Ces nouvelles coupes annoncées jeudi devraient en tout cas surtout concerner la fonction publique. « Le Conseil des ministres a décidé de fixer des limites budgétaires par ministère », a déclaré le secrétaire d'État, les mesures devant affecter « les dépenses en personnel, biens et services, ainsi que des dépenses courantes ». Elles devraient toutefois être détaillées et précisées lors du prochain budget rectificatif présenté en mai au parlement, a pour sa part précisé le ministre adjoint au Premier ministre, Miguel Poiares Maduro.
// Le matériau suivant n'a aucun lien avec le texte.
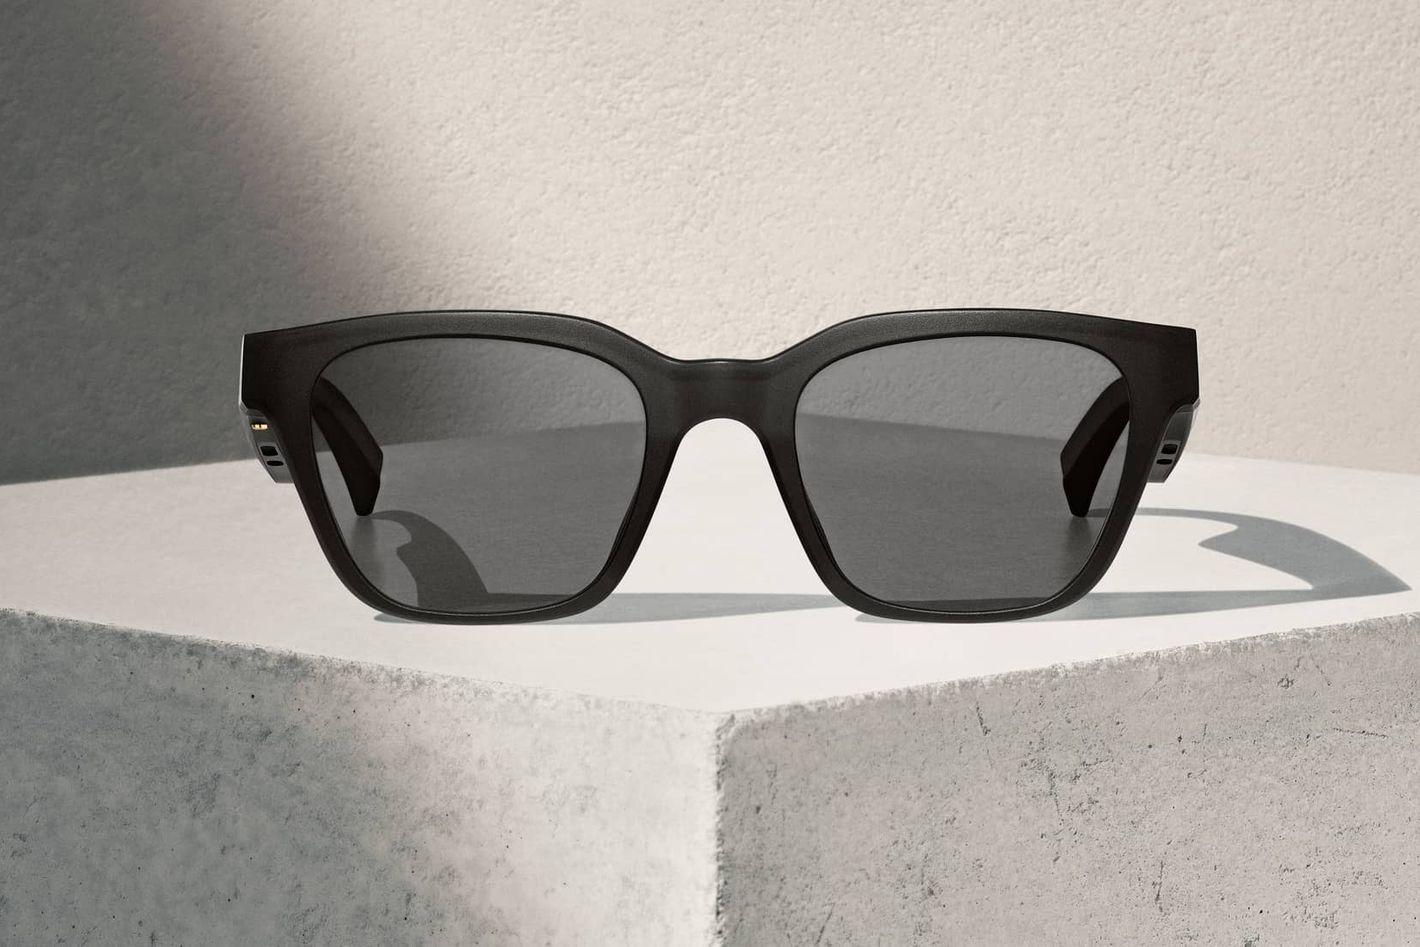 Bose Frames Audio Sunglasses Review 2019

À Bruxelles, un des porte-parole de la Commission, Olivier Bailly, a indiqué que la troïka n'avait pas encore validé ces mesures et les analyserait de manière approfondie dans les jours à venir. La Commission a aussi rappelé l'importance de maintenir le consensus politique au Portugal autour de ces réformes. Mercredi 15 avril, le leader du Parti socialiste portugais, Antonio José Seguro, avait rejeté les appels des créanciers du pays et du gouvernement de centre droit à soutenir la politique d'austérité. « Le PS veut honorer les engagements internationaux du pays (...) mais il diverge sur la manière » de le faire, a affirmé M. Seguro. Début avril, le PS avait aussi présenté une motion de censure contre le gouvernement qui avait échoué faute de majorité. (SP)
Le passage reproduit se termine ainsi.